8 Tips for Adjusting Climbing Shoes for Problematic Feet: Yours

A shoe’s support or lack of support will also affect fit and sizing. You can fit stiff shoes that are a bit taller than soft slipper-like shoes, because the built-in stiffness (often called “board lasting”) provides support without needing the shoe to squeeze your feet. The most flexible shoes should fit almost to the skin, as they rely on the pressure of your feet to provide support.

You might be tempted to over-tighten your shoes. Don’t! If you wince when you put your shoes on, they’re too tight. Pain isn’t the only issue here. Shoes that are too tight can, over time, damage the joints in your feet. For exemple, Hallux Rigid is a form of degenerative arthritis of the big toe joint that can be caused by rock shoes.
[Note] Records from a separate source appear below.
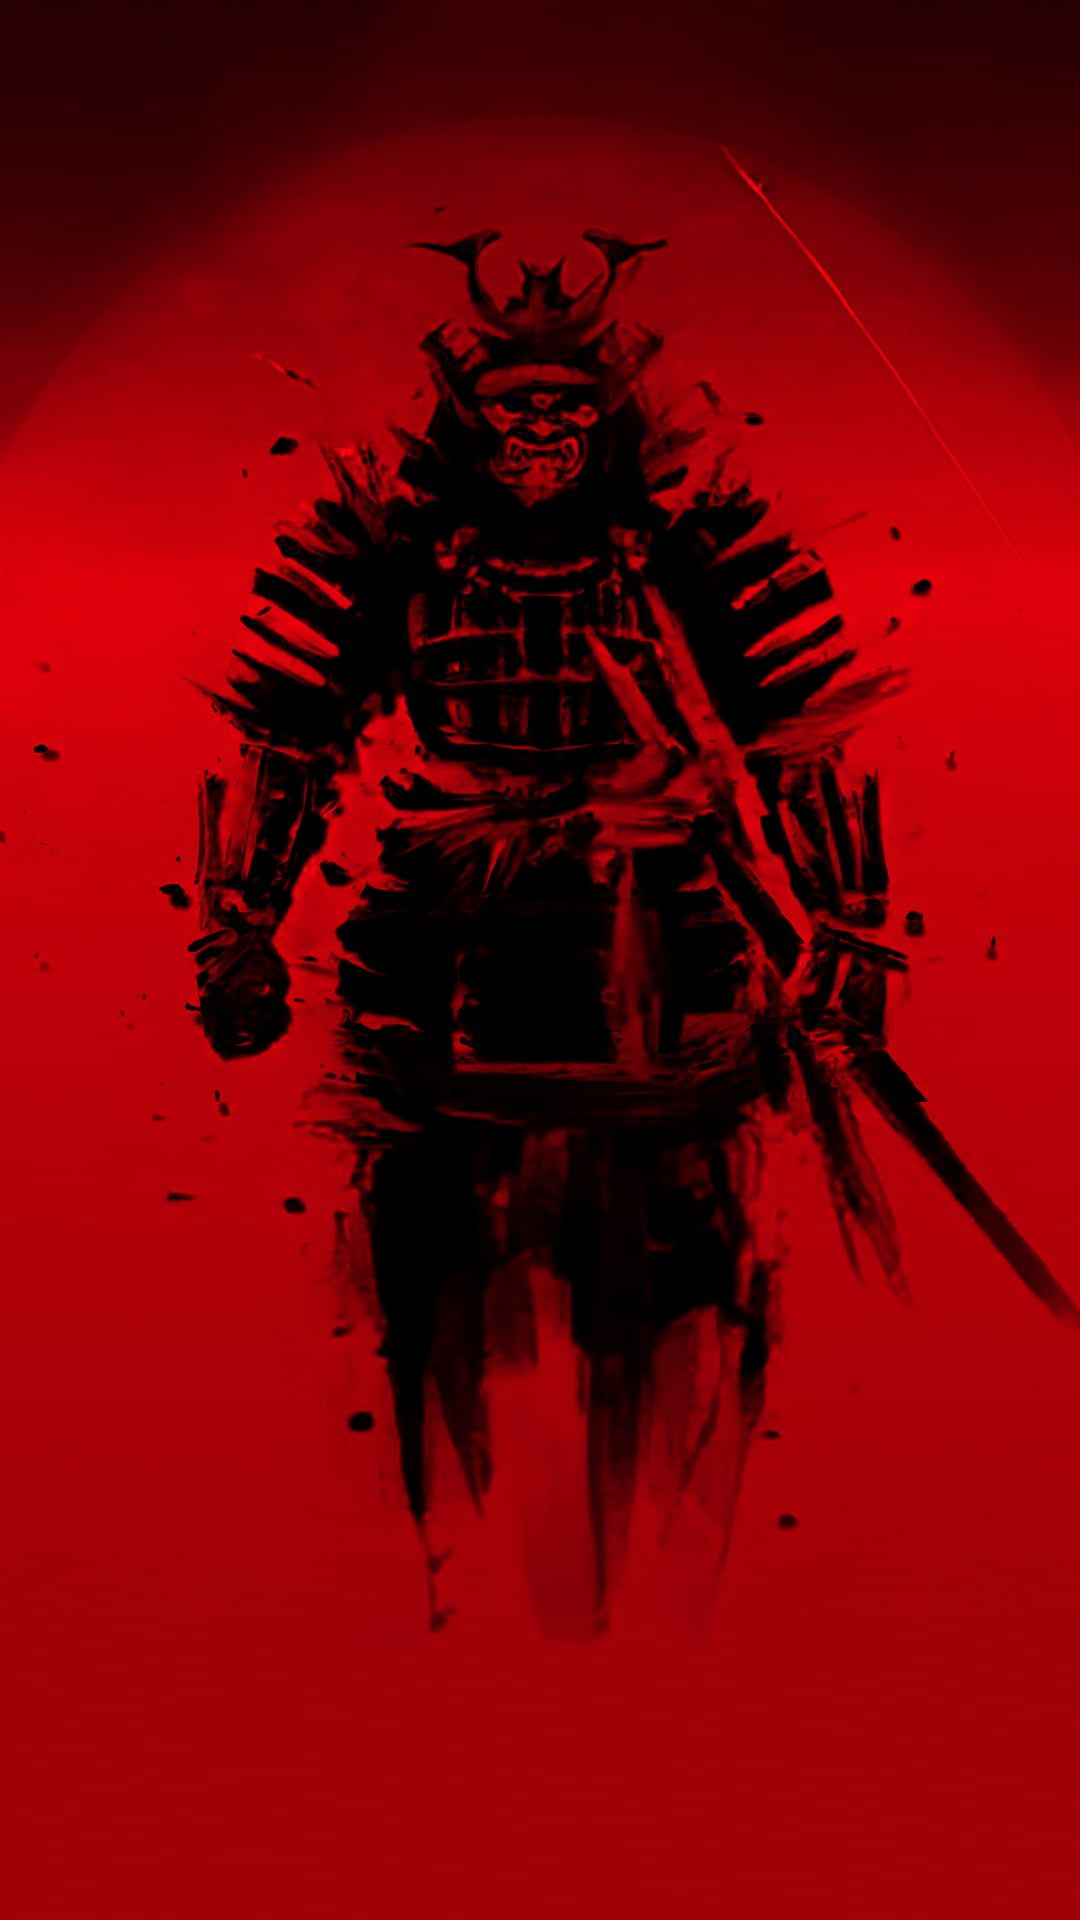 HD wallpaper: samurai, red, Japan, digital art, smartphone
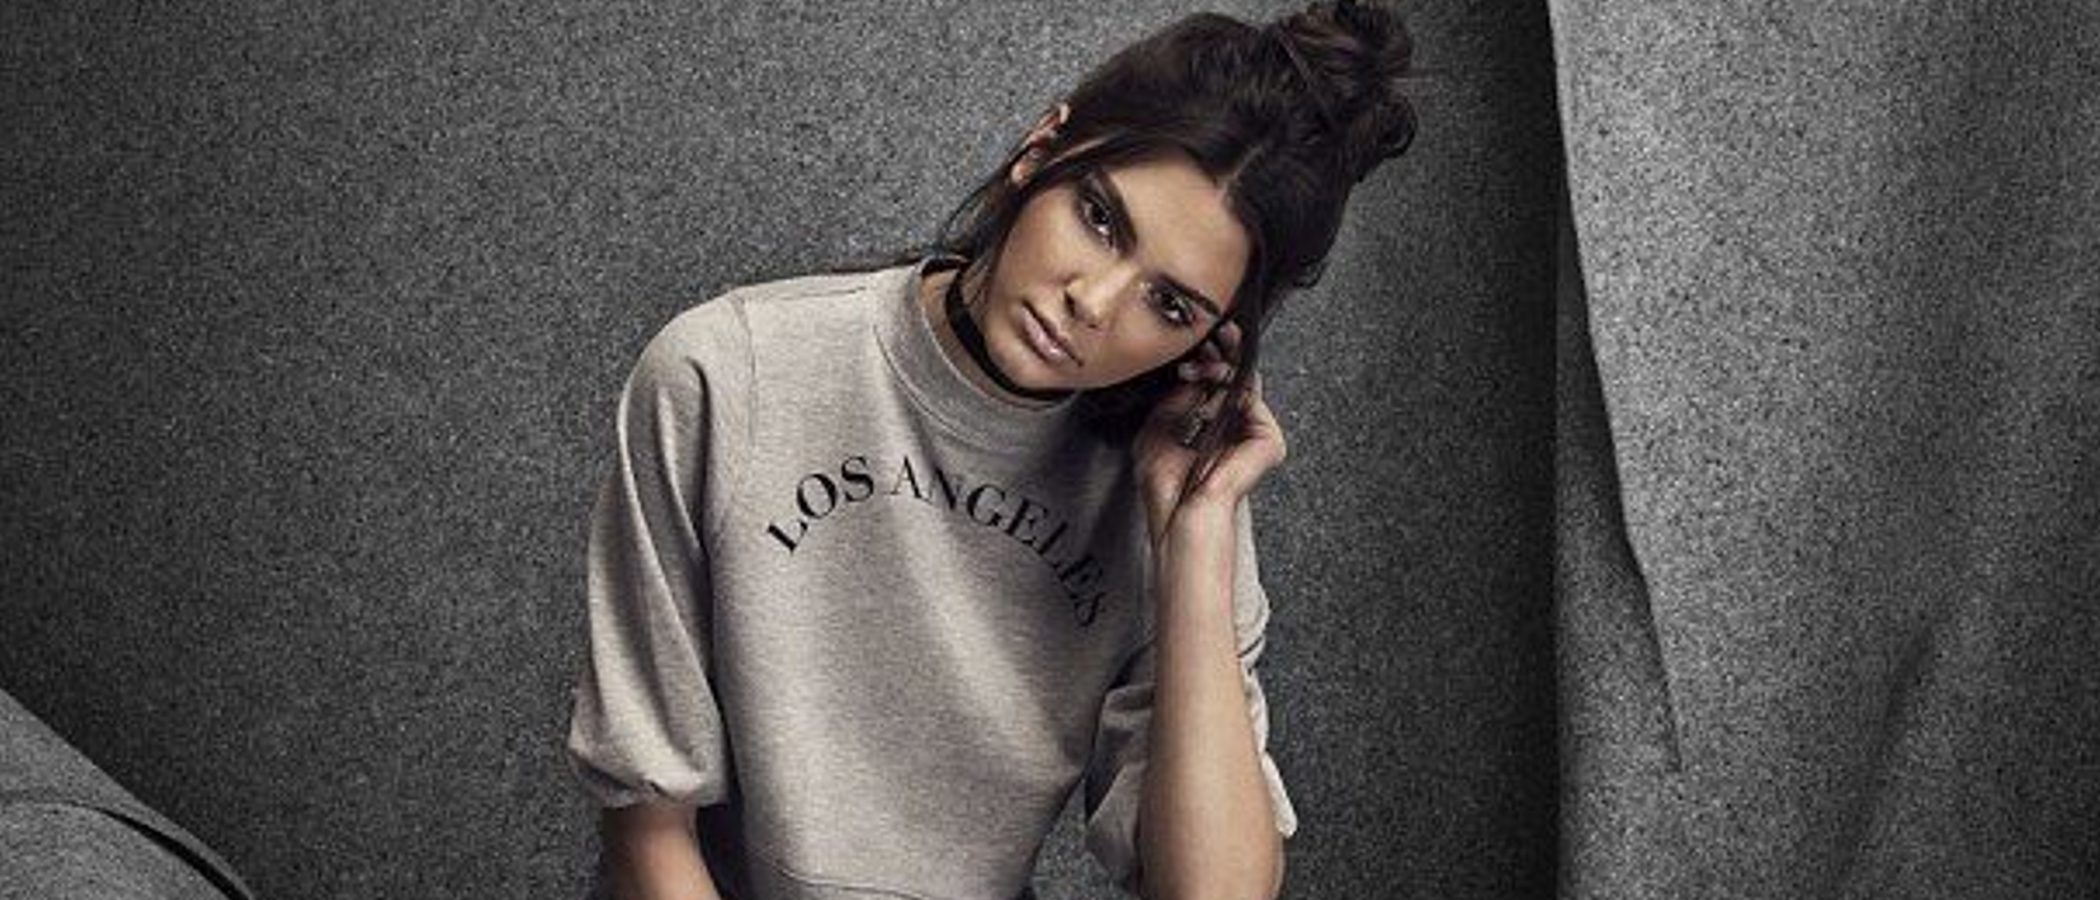 Kendall Jenner, 5 hitos por los que ha llegado a ser una influencer de moda
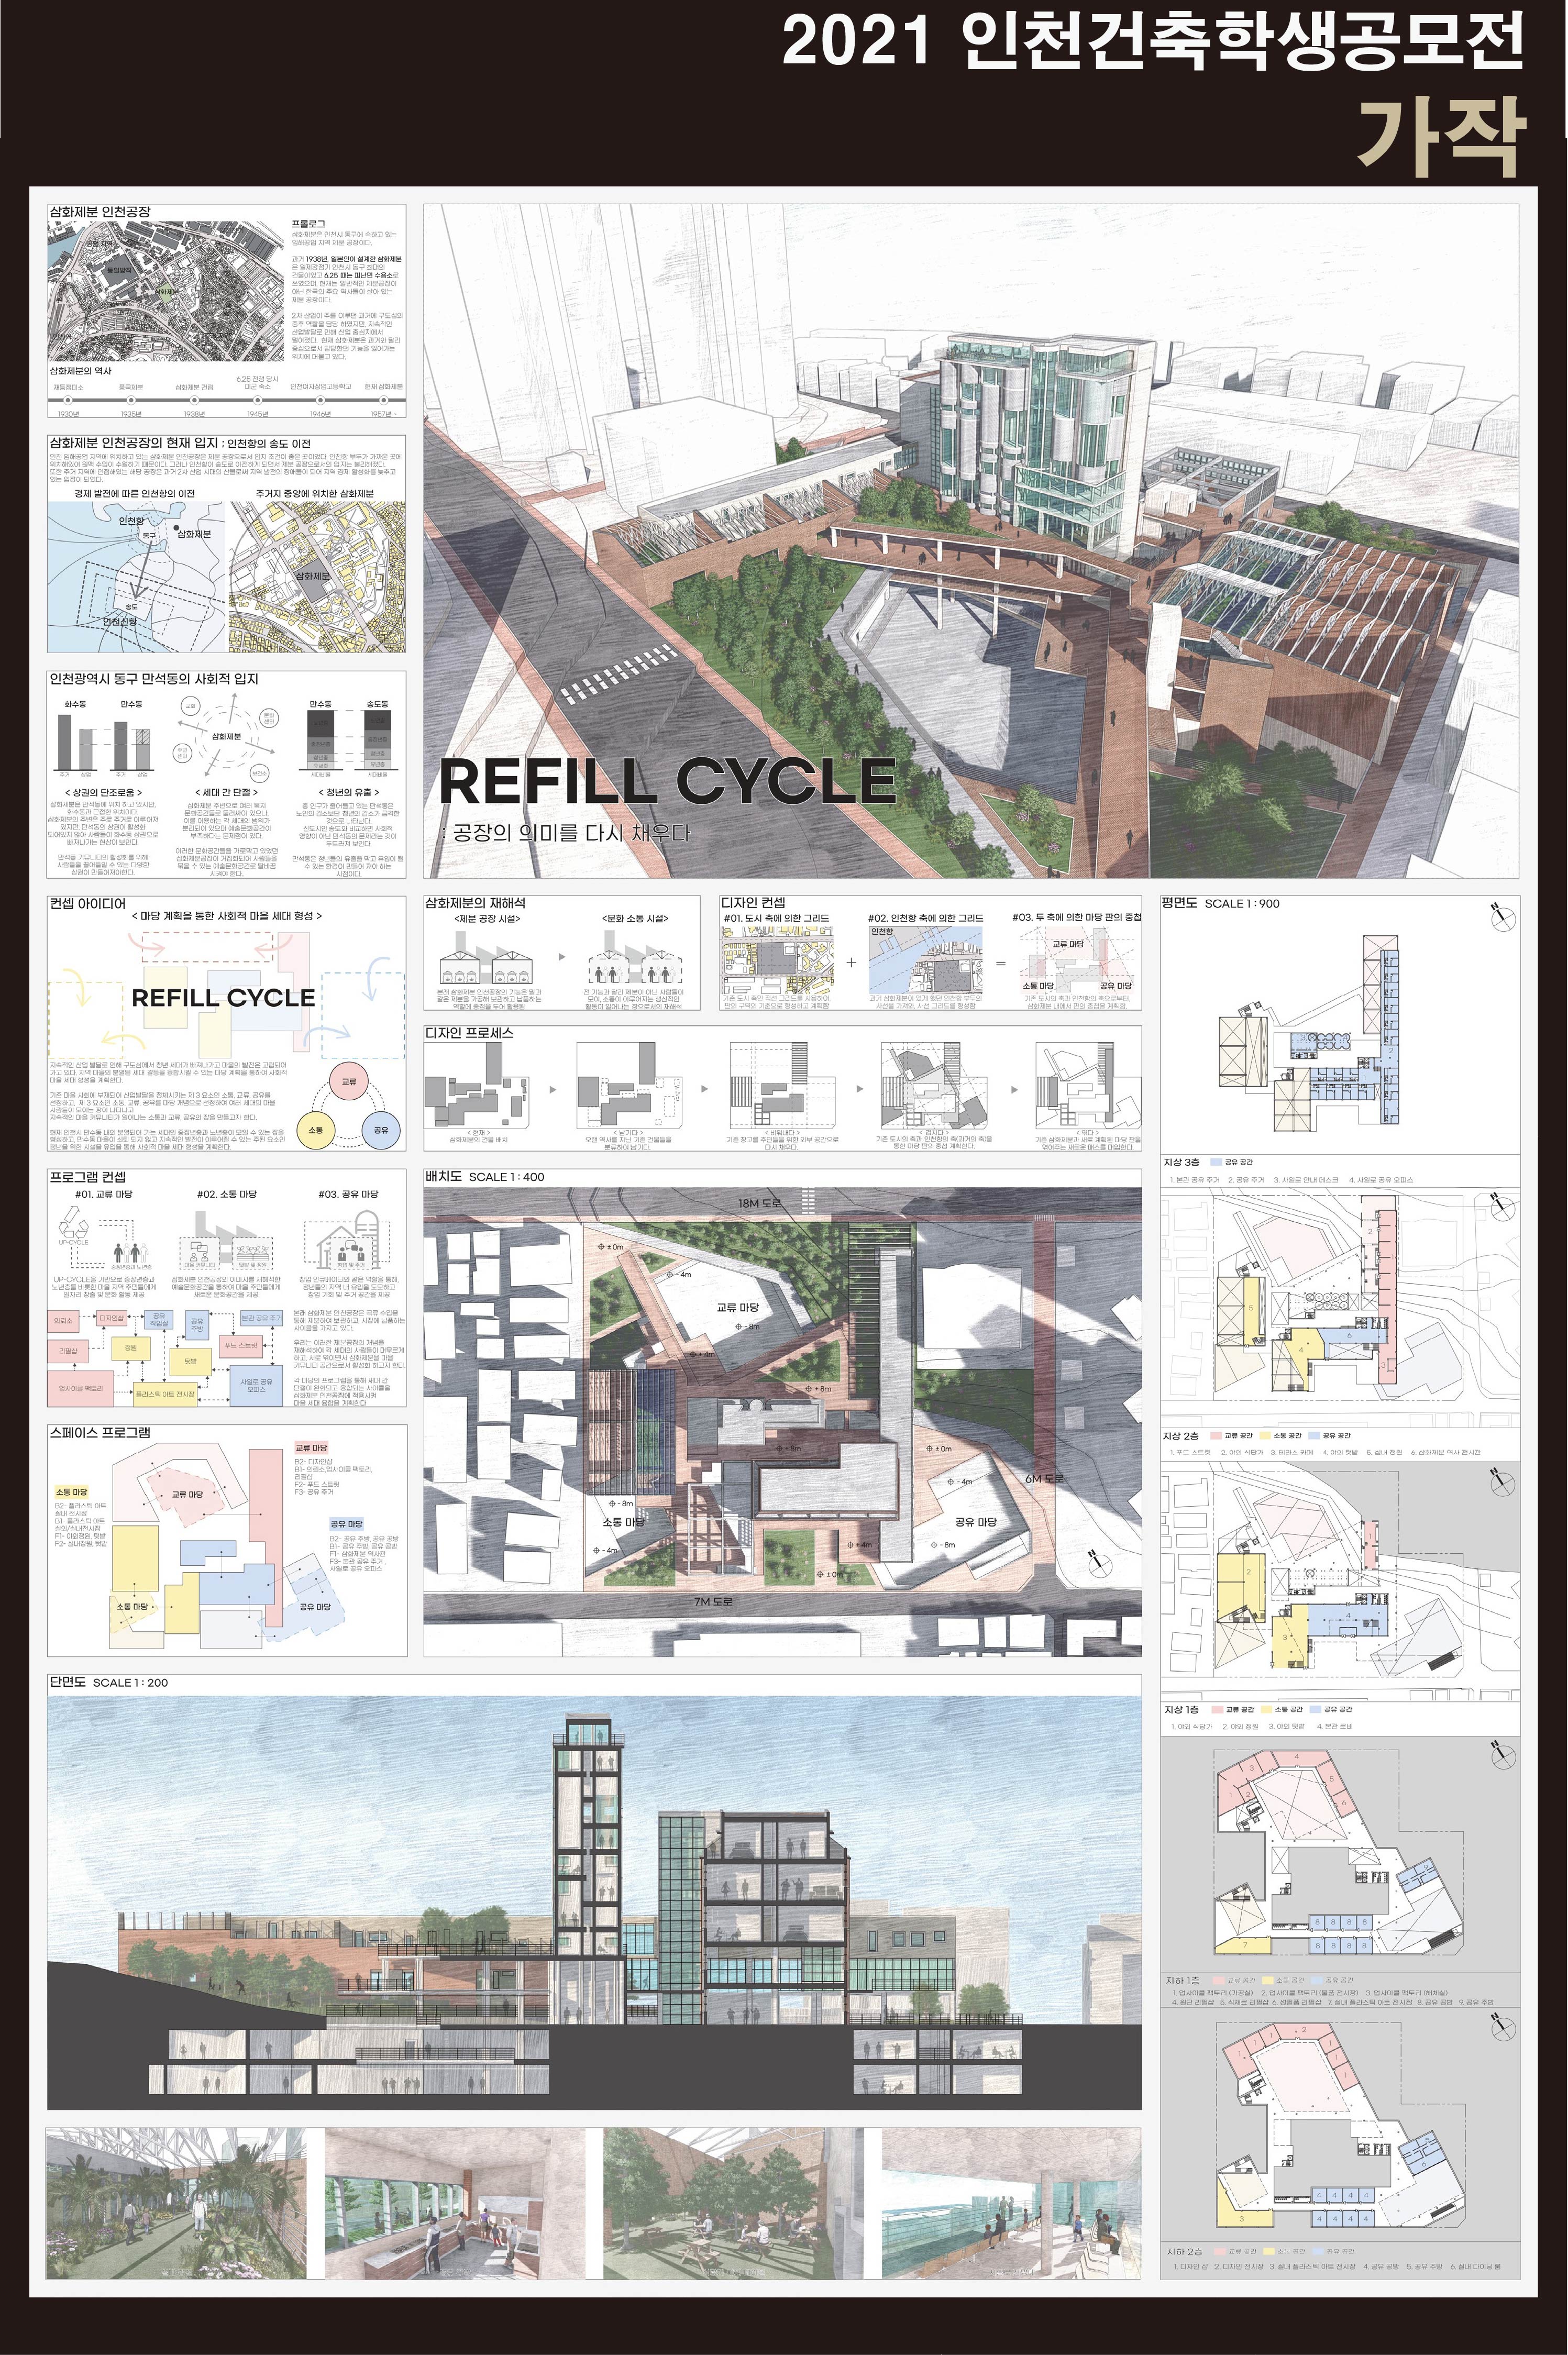 2021 인천건축학생공모전 가작 수상_REFILL CYCLE 2021 인천건축학생공모전 가작수상1.jpg
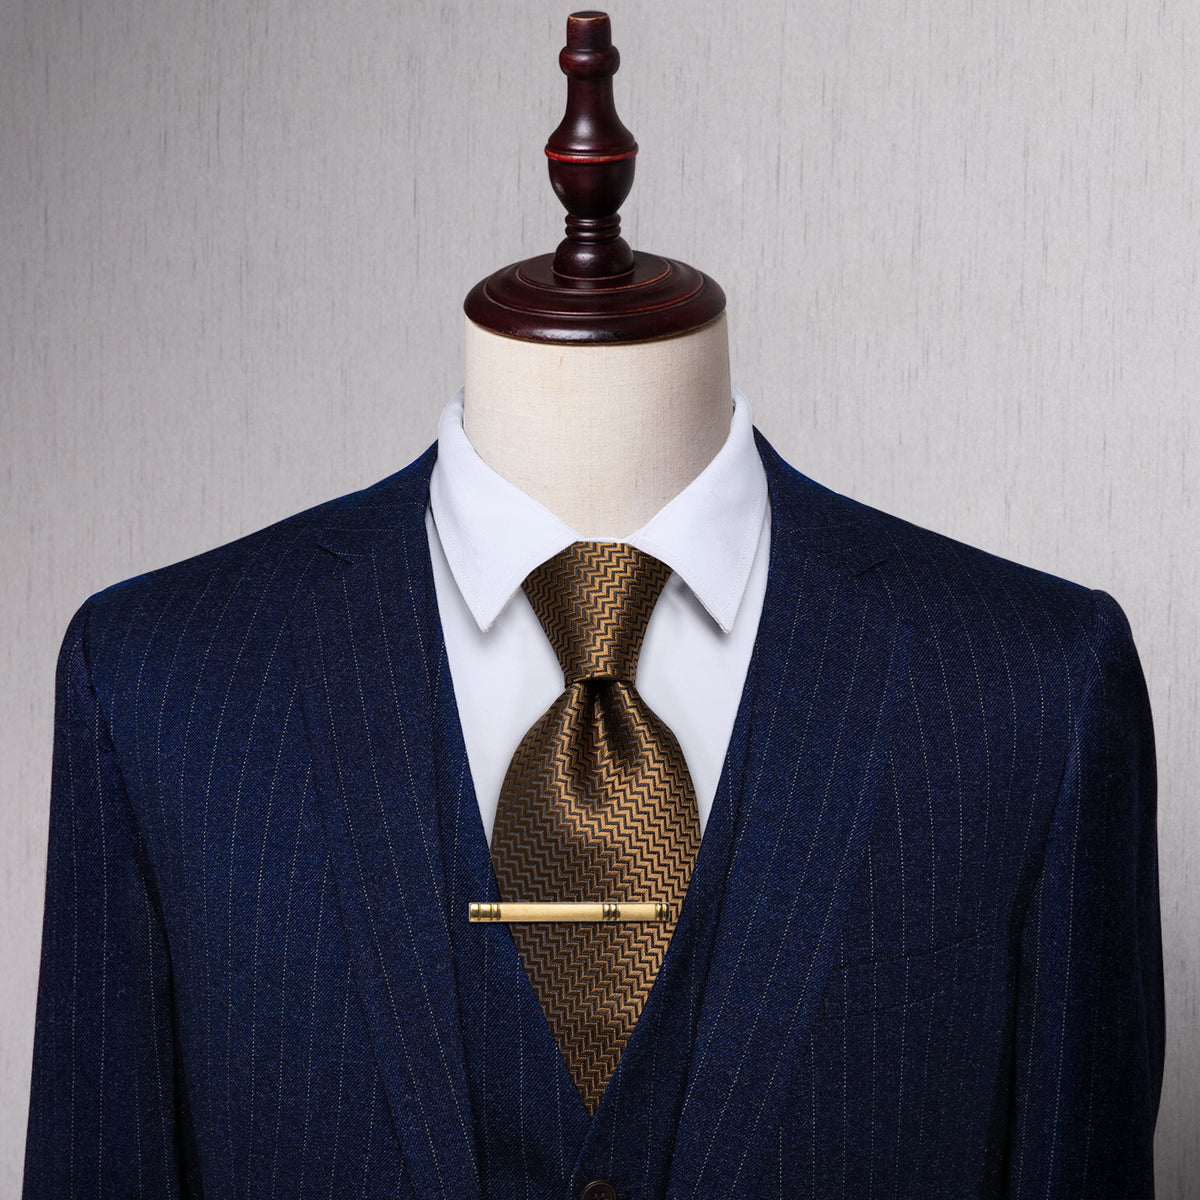 Brown Irregular Striped Silk Necktie with Golden Tie Clip

I know this first hand. I developed Hallux Rigidus about 20 years into my climbing career, but continued to wear shoes that were too small. Performance mattered more than anything… who cares about problems on the road? Eventually my toe joints deteriorated to the point where I had to remove the joints and replace them with synthetic joints. here is a horrible video (be careful, it’s very horrible) of a replacement of my toe joint. Don’t let the same happen to your happy feet.

Ultimately, you’ll probably need at least two pairs of shoes. A large, comfortable pair you can warm up and wear in to send your compound lines over and over again, and to wear on longer multi-pitch routes, and a much tighter, more accurate pair for red dot attempts or flash and block where you usually only wear your shoes for a few minutes at a time.

If my advice sounds squishy, ​​it is. I can’t tell you exactly how tight your shoes should be because I literally can’t walk or climb a mile in your shoes. I can say with certainty that you need to get the sizing right.